The effort has had success, but it has also been plagued by controversy, threats and, most recently, violence. On December 15, after the commission took the decision to remove more than 400 police officers, pastor Jorge Machado, one of the commission members, was attacked by gunmen. Although he survived the shooting, one of his government-assigned bodyguards died.
Other cases have also unsettled reform efforts in Honduras, most notably the murder of environmental activist Berta Cáceres earlier this year. The case has been linked to officials from a company that is building a hydroelectric dam, since Cáceres and others had been trying to block the project.
Cáceres’ killing provoked international outrage, and led the US Congress to pass the Berta Cáceres Act, which aims to block $18 million that Honduras could receive in security assistance until the case is resolved. The European Investment Bank also withdrew its funding of about $39 million for an electrical project in western Honduras.
However, while authorities have captured the alleged perpetrators of the murder — which includes active and retired military personnel — the intellectual authors of her murder remain at large. Evidence indicates that they could belong to one of the most powerful families in the country, but there is little to suggest that a prosecution of any suspected intellectual authors will happen soon.
In November of this year, the country was also rocked by the capture of drug lord Wilter Blanco in Costa Rica. Blanco is the alleged leader of the Atlantic Cartel, a little-known group that works with military, police and corrupt officials. He has had an indictment against him in the United States since 1999. The capture of Blanco, who faces extradition to the United States, promises to open a Pandora’s Box that may reach Hernández and his family.
Other ambitious reform efforts remain on stand-by. The MACCIH has tried to modify the law to make corruption an extraditable crime.
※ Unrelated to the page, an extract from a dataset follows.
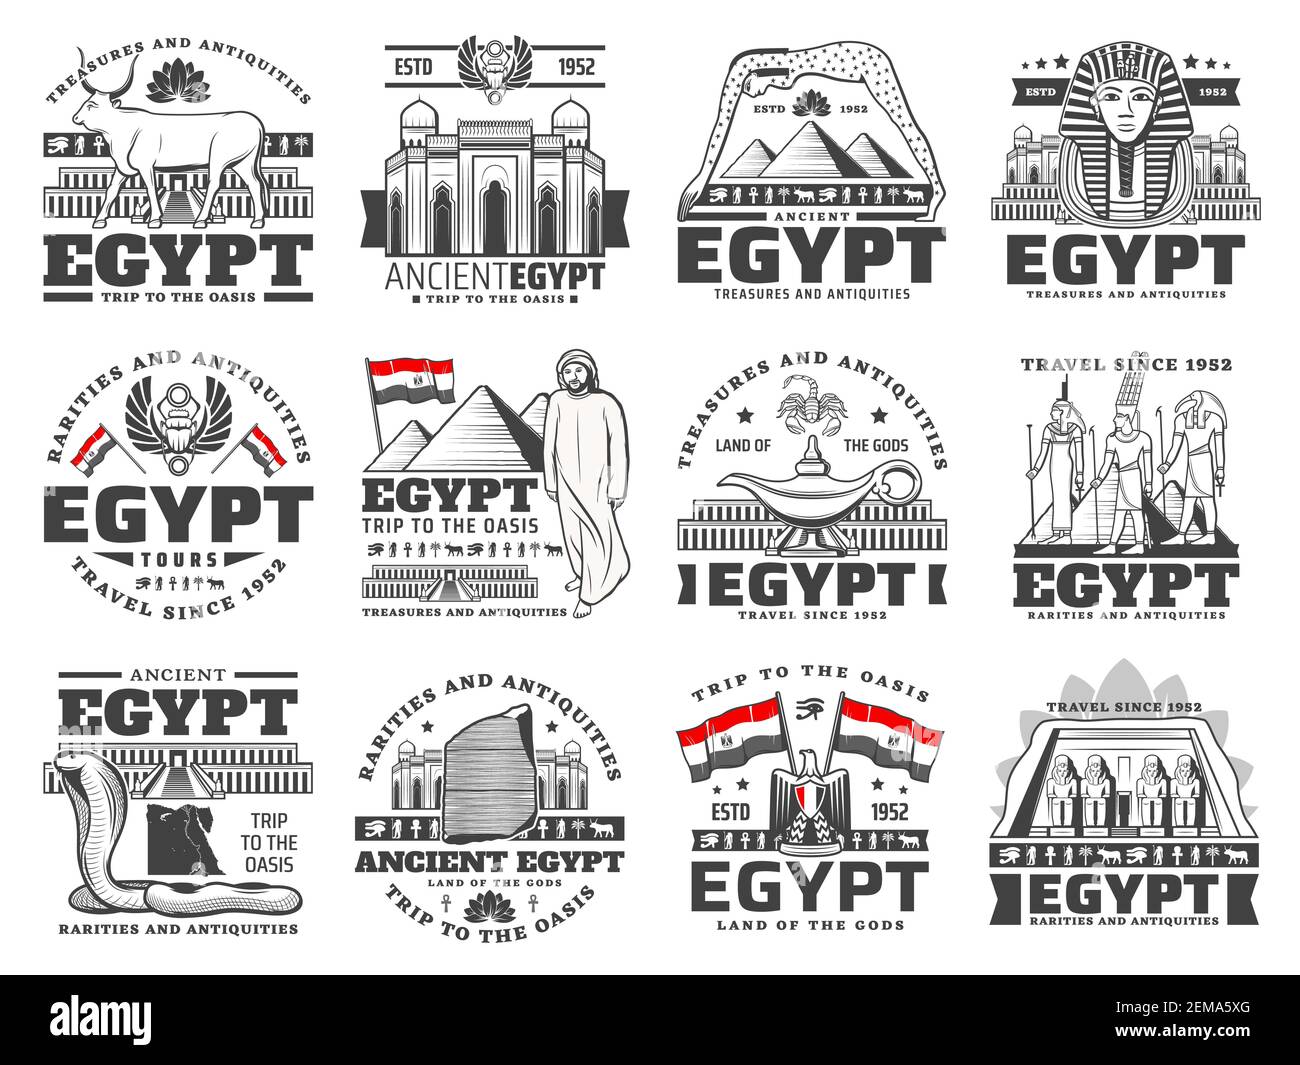 Ägypten Vektor-Ikonen der Kultur, der Geschichte, der Religion und der Reise. Alte Ägypten pharao Pyramiden, Götter mit Auge des Horus und Ankh Symbole, Karte, Flagge, Heral Stock Vektor

The attorney general agrees with the proposal, but, not surprisingly, congress does not.
The arrival of the MACCIH and increased coordination between the attorney general and the US government is a big step towards changing Honduras’ balance of power. The role of the US embassy had been crucial throughout this process. MACCIH has also exerted pressure on the presidential palace regarding some high-level cases. It remains to be seen, however, whether other state institutions will join the fight against corruption and impunity in Honduras.
Despite the setbacks, these anti-corruption efforts in the Northern Triangle were GameChangers in 2016. The US government agrees. A group of US congressmen recently qualified the progress in the region as “excellent.”
In the coming year, the region promises to remain one of the most violent in the world but hope springs eternal as it relates to impunity. The protests that flooded plazas and streets in Guatemala and Honduras in 2015 have faded, but the outrage they expressed has brought changes to the way local prosecutors pursue complex crimes and their ability to connect organized crime with local political elites.
There was less public protest in El Salvador, where a politically polarized populace steered clear of marches. But cries for an independent press and a justice system that dares to pursue corruption at the highest levels by going after the country’s last three former presidents has breathed life into that nation as well.
It’s still too early to know what will happen in Central America. The public attacks by politicians and businessmen on the CICIG in Guatemala and the Salvadoran attorney general, as well as attempts by Honduran elites to preserve the status quo and minimize MACCIH, show that the elites will not give up their power easily.
But jailing high level officials, exposing corrupt networks, and targeting big businessmen give hope that the cold winter of impunity and rampant corruption is turning the region towards a warm breeze of spring.